**Problem**
Only the pictures are to be dropped; return all other data below exactly.

**The data**
────────────────

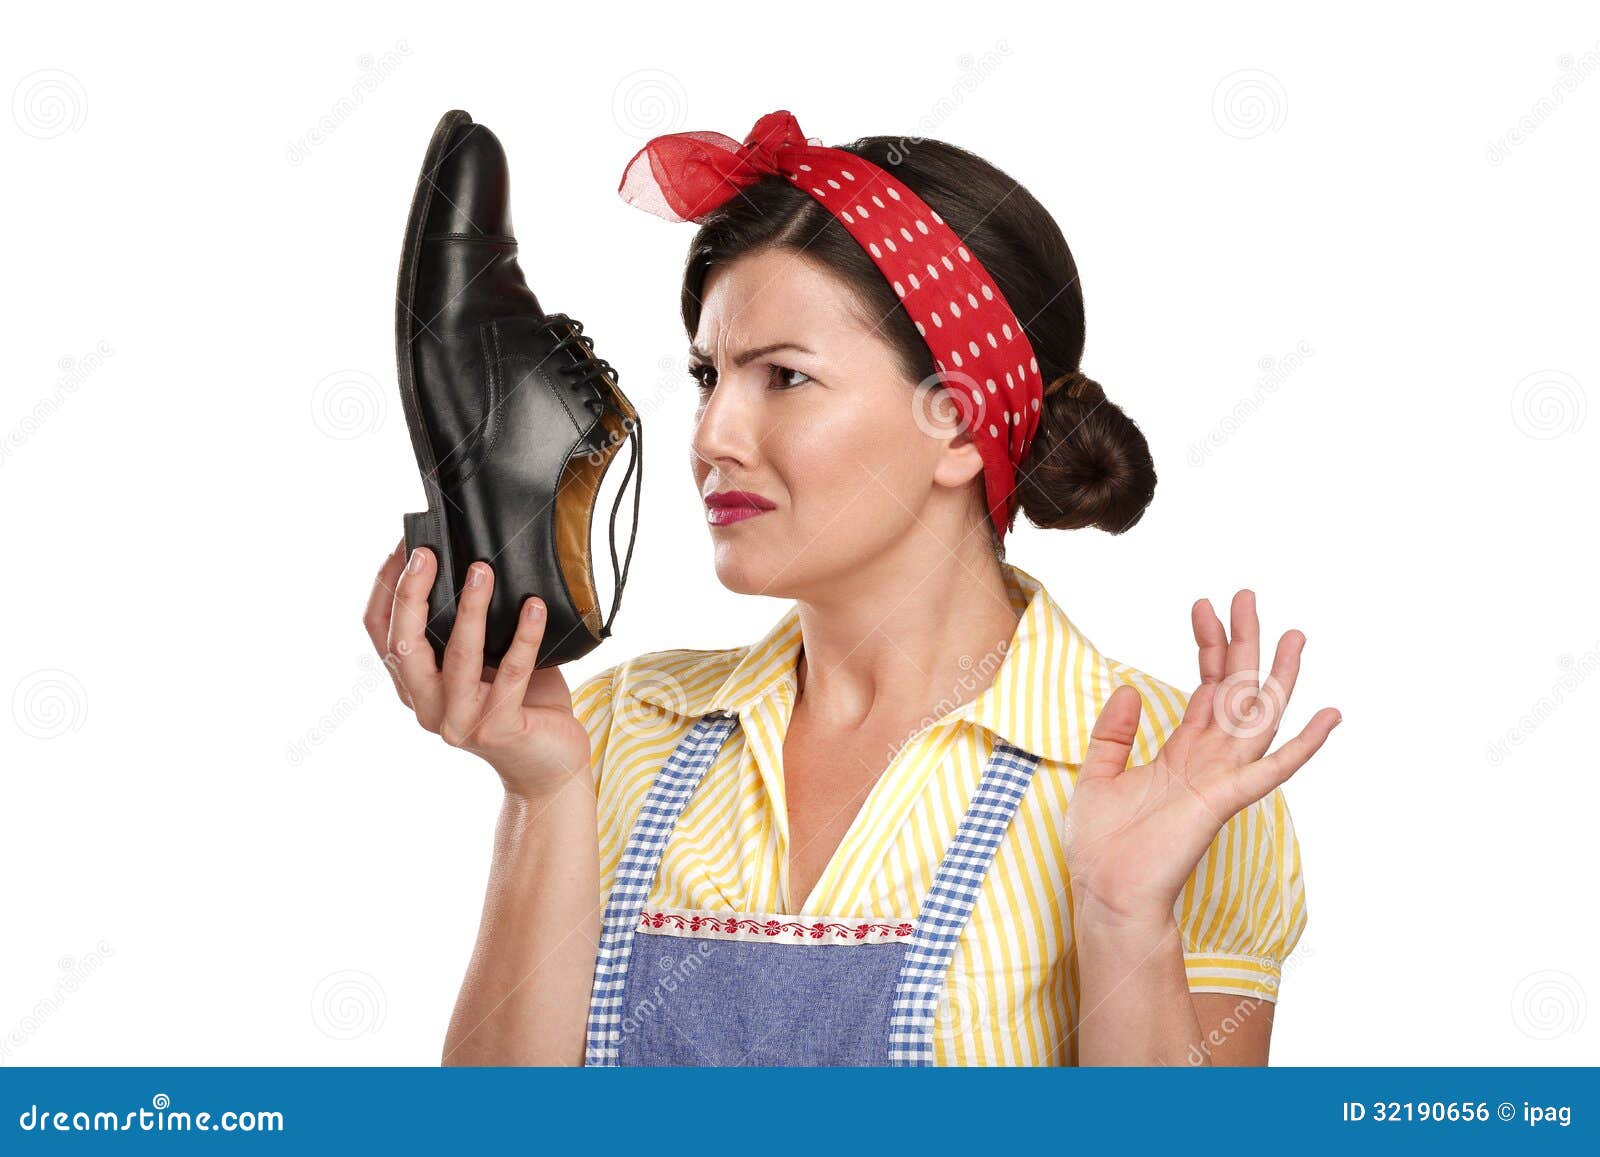 Г воняет. Приятный запах от обуви. Запах с обуви фото. Женщина держит вонючую обувь. Вонючие женские туфли.
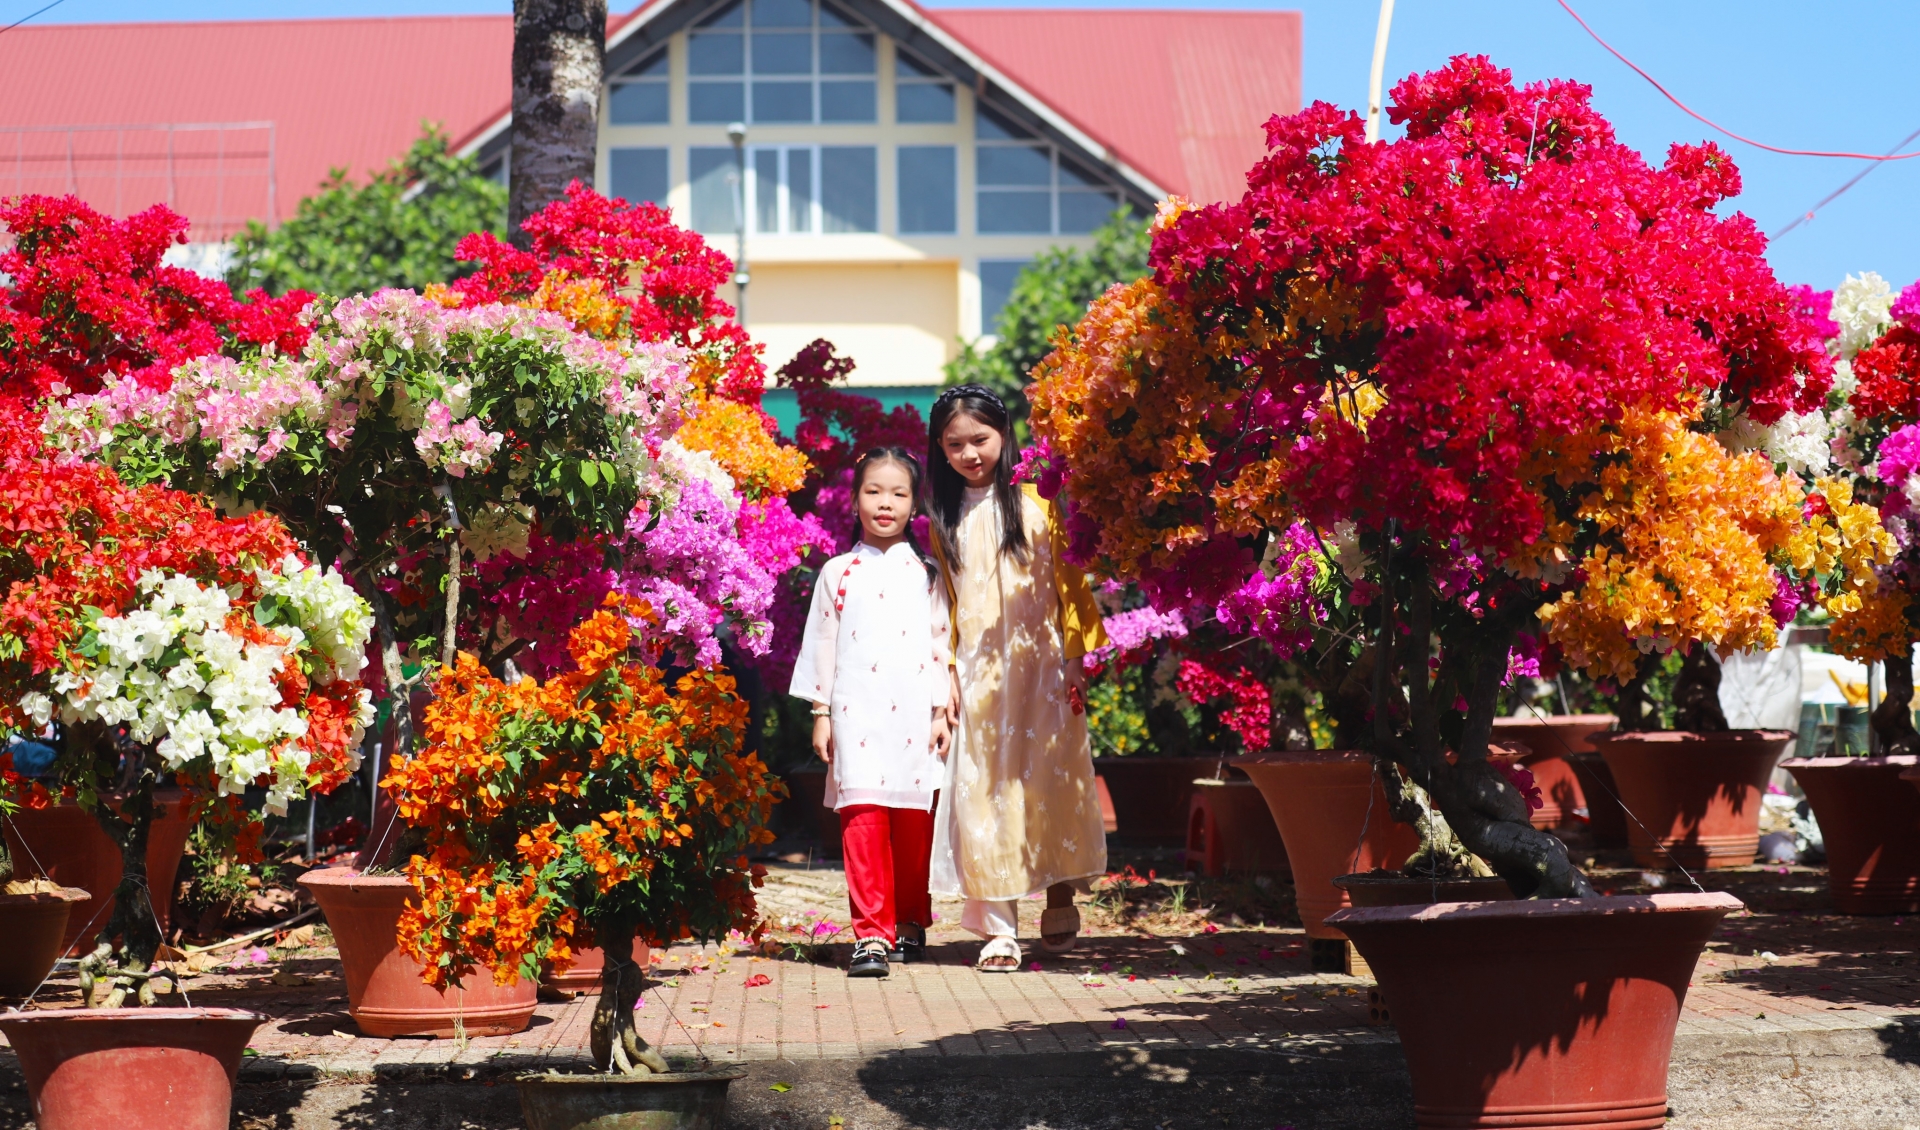 Hai chị em tạo dáng để bố mẹ chụp hình ghi lại khoảnh khắc tràn ngập sắc xuân tại chợ hoa xuân
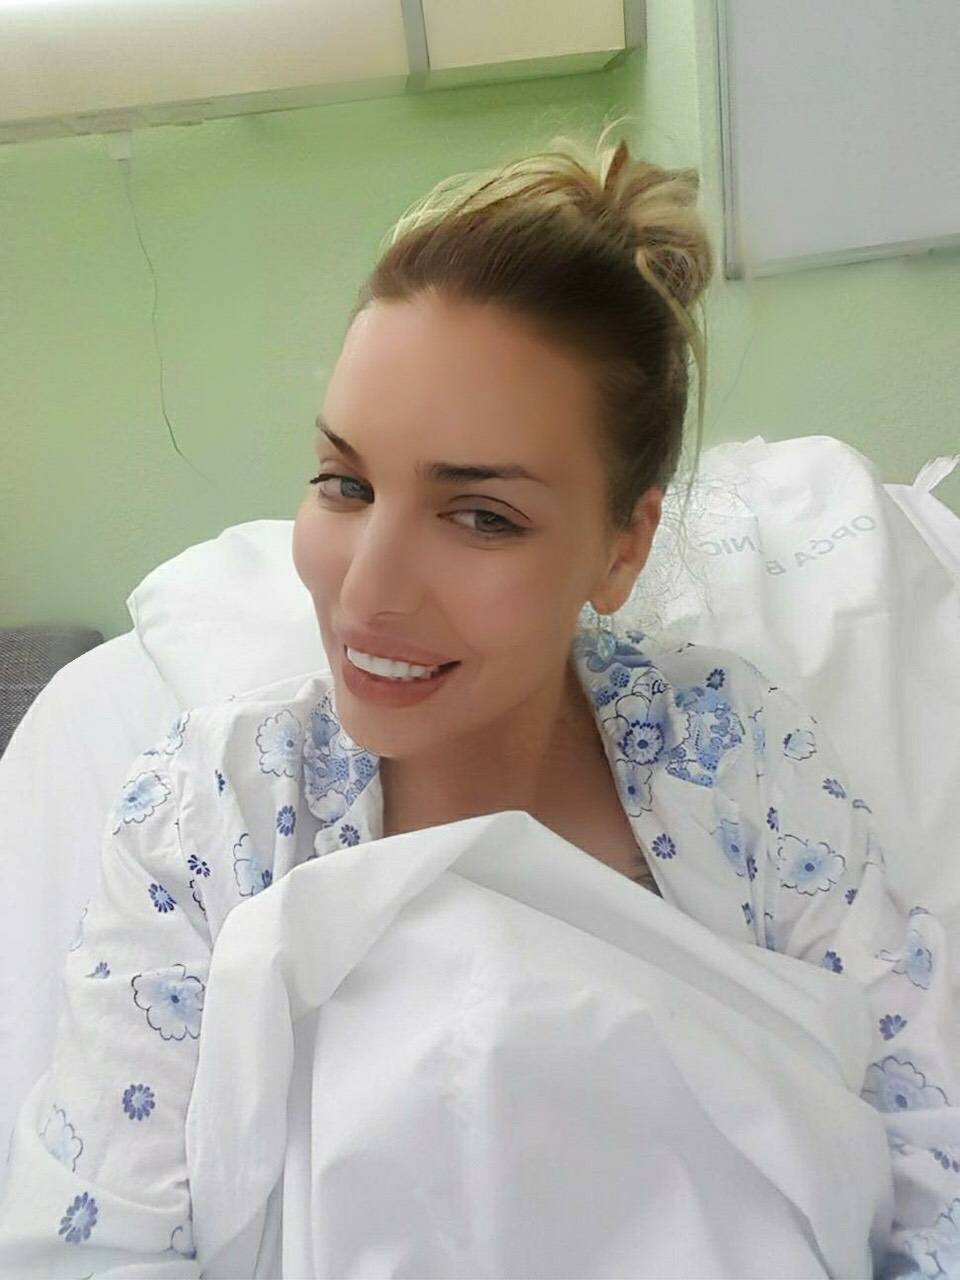 Ava Karabatić pijana divljala po bolnici: 'Znate li vi tko sam ja?'
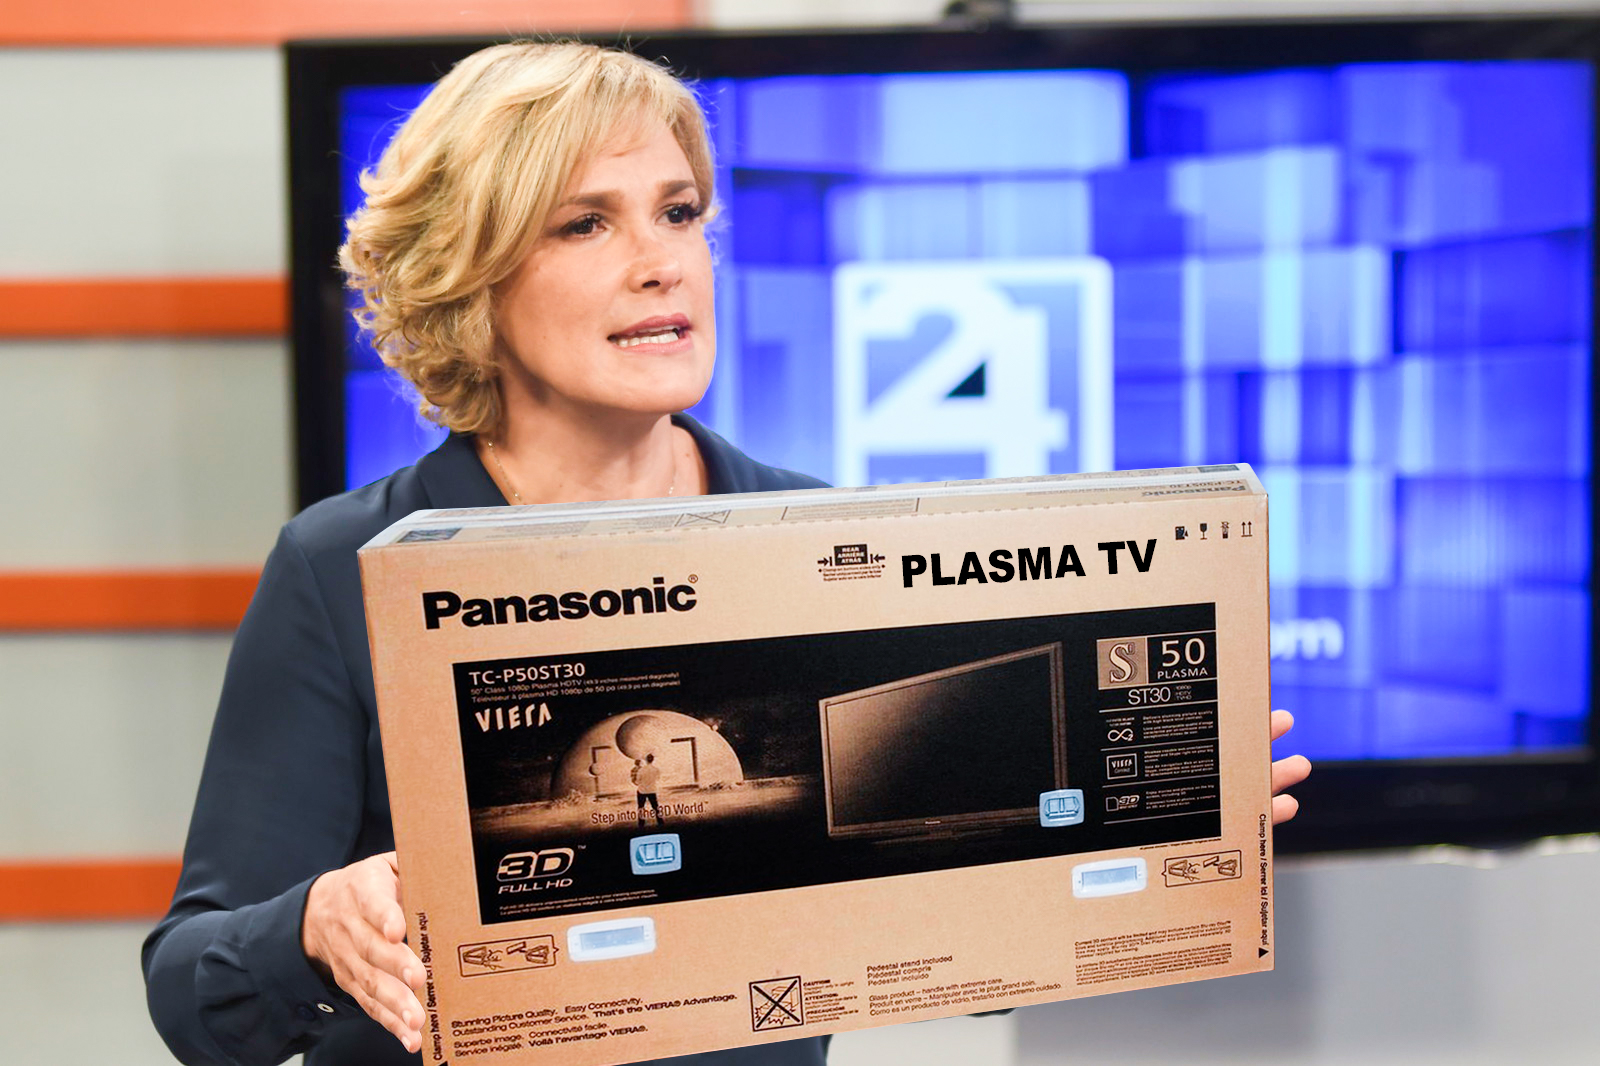 Cynthia donó su plasma y motiva a otros políticos a donar sus televisores

────────────────

**Response box**
 Г воняет. Приятный запах от обуви. Запах с обуви фото. Женщина держит вонючую обувь. Вонючие женские туфли.
 Hai chị em tạo dáng để bố mẹ chụp hình ghi lại khoảnh khắc tràn ngập sắc xuân tại chợ hoa xuân
 Ava Karabatić pijana divljala po bolnici: 'Znate li vi tko sam ja?'
 Cynthia donó su plasma y motiva a otros políticos a donar sus televisores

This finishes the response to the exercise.